A: This is really my passion. Don Richardson, author of the book, Peace Child!, also wrote a book called Eternity in their Hearts. It talks about a redemptive analogy, the fact that in every culture there is something that makes a natural bridge to the gospel. We have realized that food is a universal redemption analogy. God intended our dependence on food as a way of showing us that we need to depend on Him for everything. When I read Apples of Gold by Betty Huizenga I saw an opportunity for a pattern for introducing Jesus to people, which is really where my heart is. Apples of Gold is a six-week mentoring program of food demonstration, eating together and then a Bible study. Well, last year we piloted a class with our Taste and Tell recipe sampler, which has about 20 recipes in it. Everyone eats together and then we do Bible studies. The Bible studies are four food incidents in the gospel of John: Wedding Wine, John 2; Living Water, John 4, Living Bread, John 6; and The Catch of Fish, in John 21 where Jesus, after the resurrection, feeds the disciples on the beach. Jesus uses all of these incidents to draw people to Himself. We will see how it goes. I am really excited about it.
Q: Sue, we have really enjoyed meeting both you and your husband, Rich. We look forward to having you back here again sometime in the near future. Below, we have included your delicious Almond Coffee Cake recipe which you have graciously agreed to share with our readers. God bless your ministry and thanks again for spending time with us.
Here is a sample recipe from Sue's Breakfast cookbook. Blender recipes are a specialty of Sue's, and this will give you a good feel for how easy whole grain recipes can be to prepare.
Almond Coffee Cake
Amount: 11.5 x 8 (preferred) or 9 x 13 baking pan
Bake: 325 degrees - 30 to 40 minutes
1. Place in blender; blend on highest speed 3 minutes until smooth:
1 cup buttermilk
1/4 cup olive oil (for more cake-like texture)
3/4 cup honey (warm slightly if not easily pourable)

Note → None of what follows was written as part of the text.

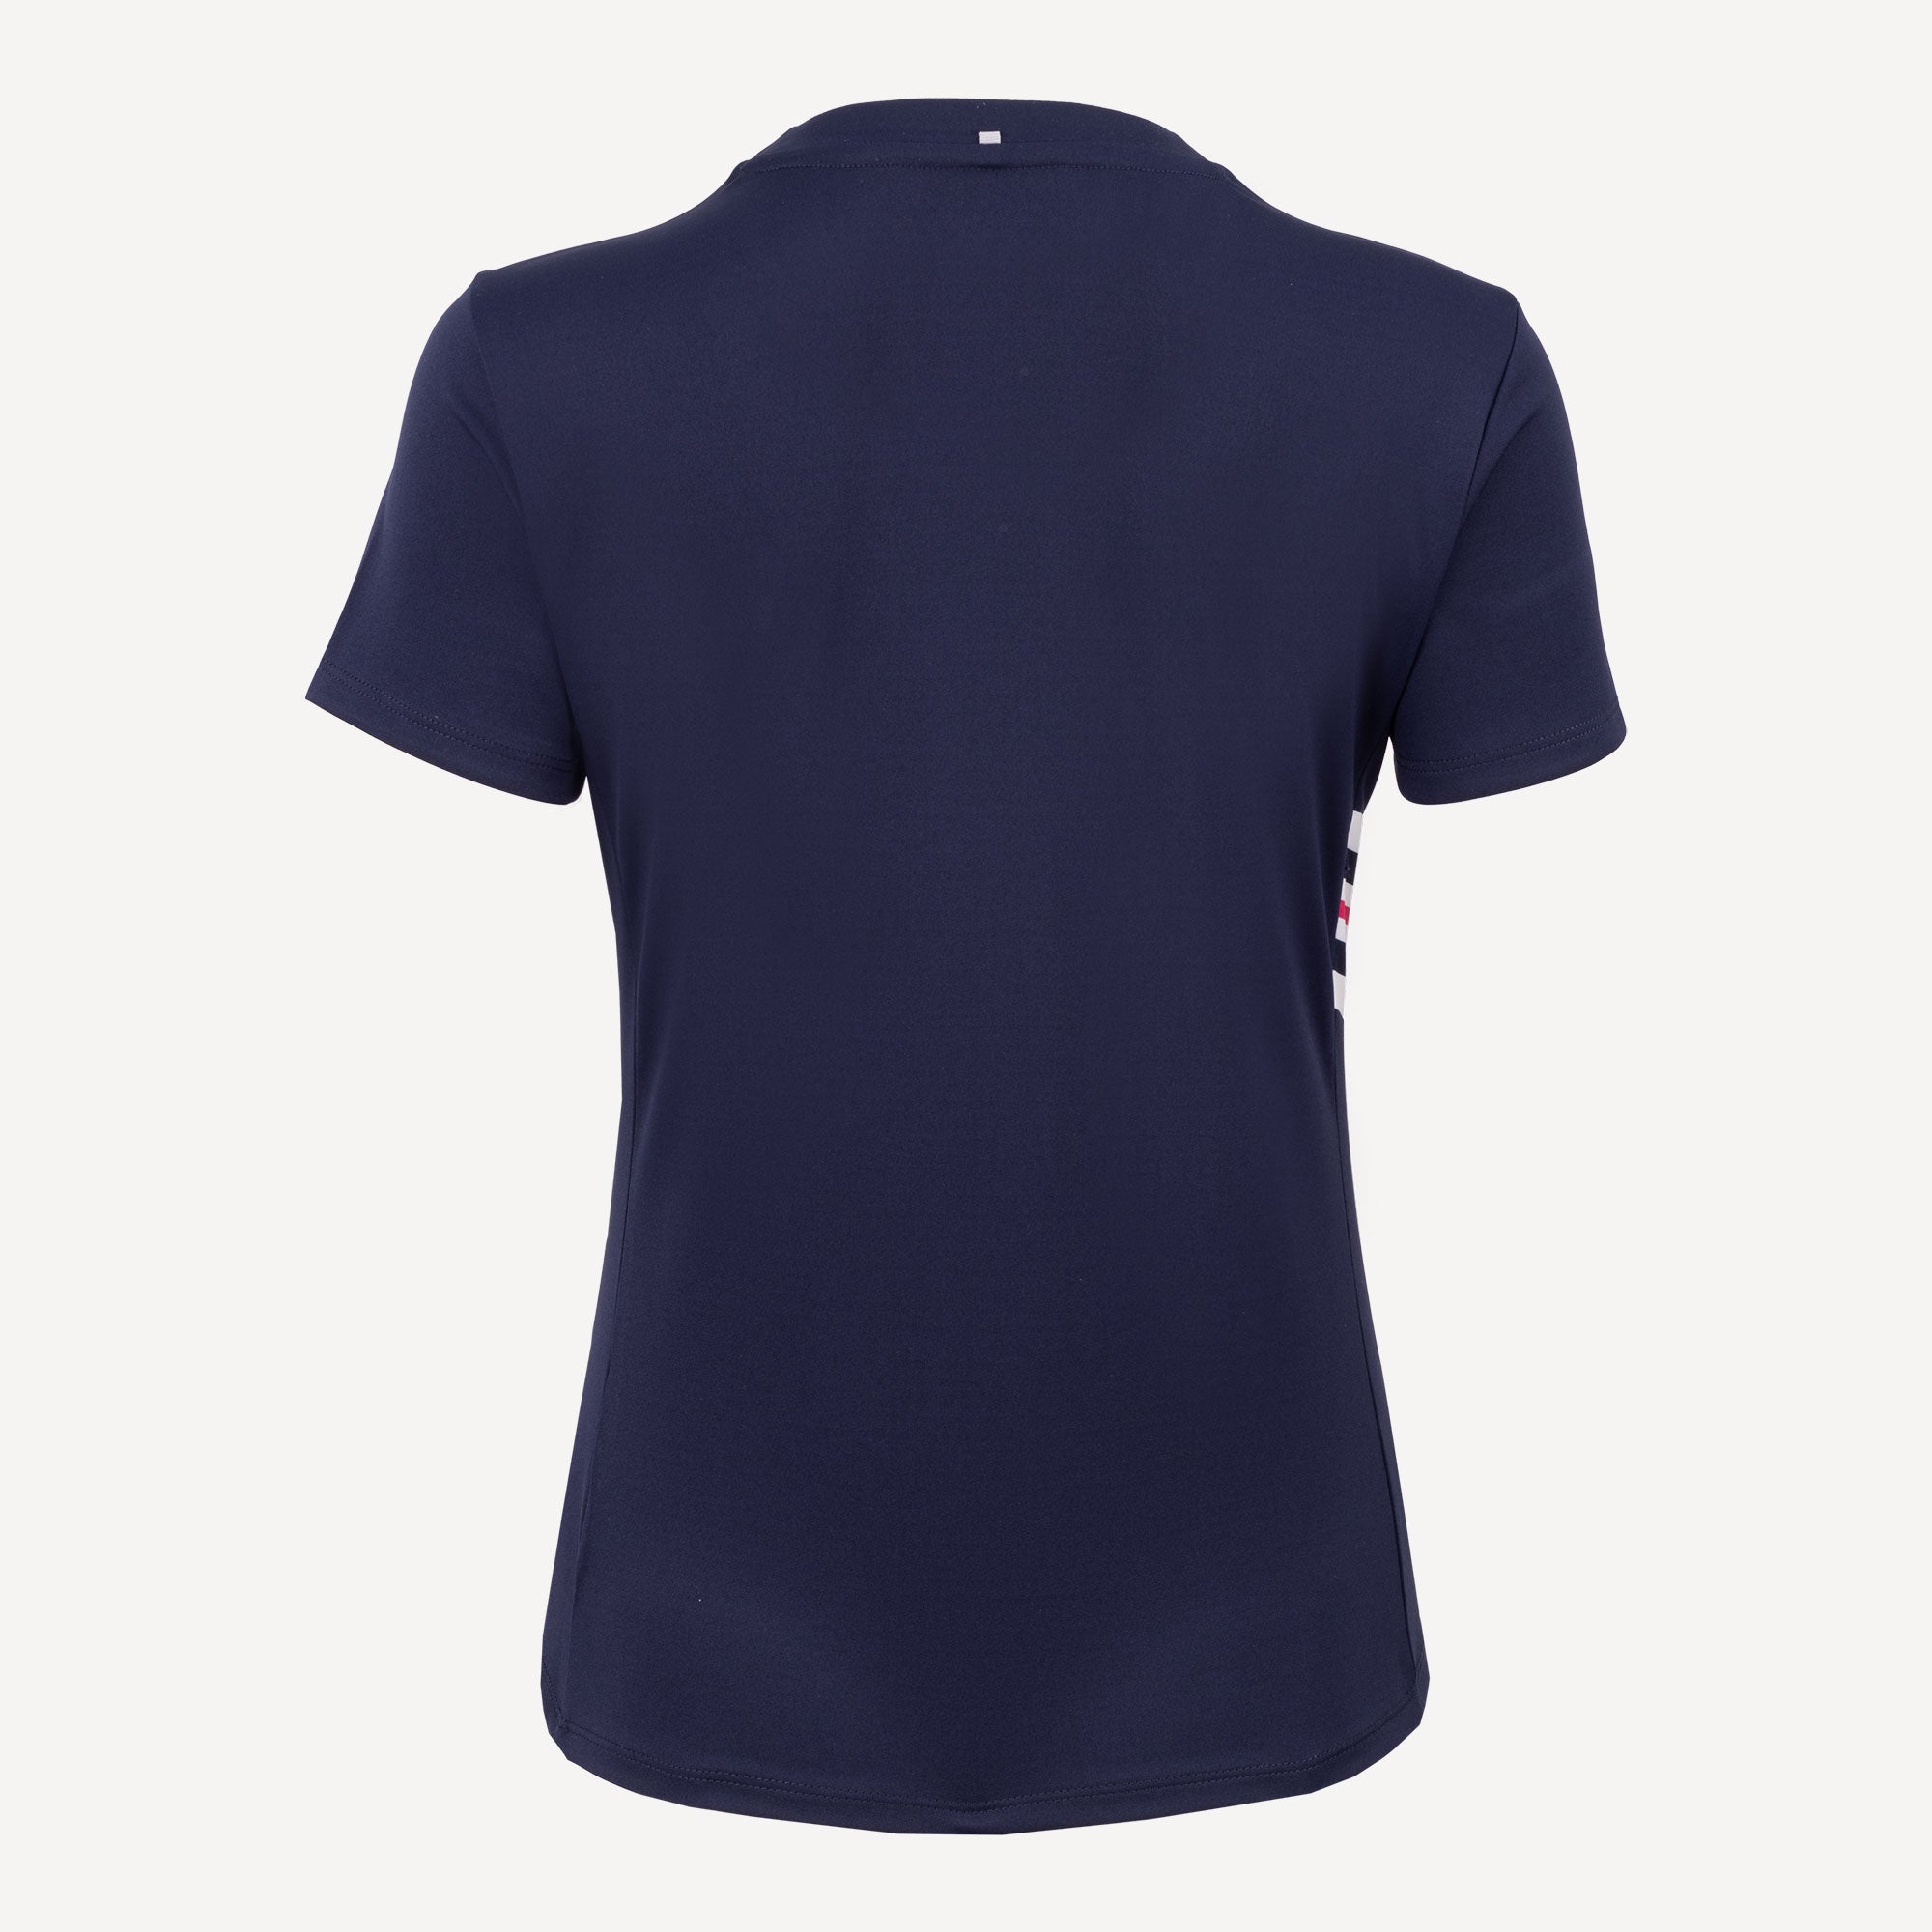 Fila Paula Women's Tennis Shirt Dark Blue (2)

grain choice (not flour) of
1 1/3 cups whole-wheat pastry grain
or 1 1/2 cups spelt, kamut or brown rice
or 1 1/4 cups barley grain
2. Meanwhile, for topping blend together in order given with a fork:
2 Tablespoons butter (unsalted preferred)
2 Tablespoons sucanat or crystalline fructose
1/2 cup uncooked rolled oats
1/2 cup chopped or sliced almonds
(With kamut only) 1 teaspoon cinnamon
3. Cover blender; let stand at room temperature overnight.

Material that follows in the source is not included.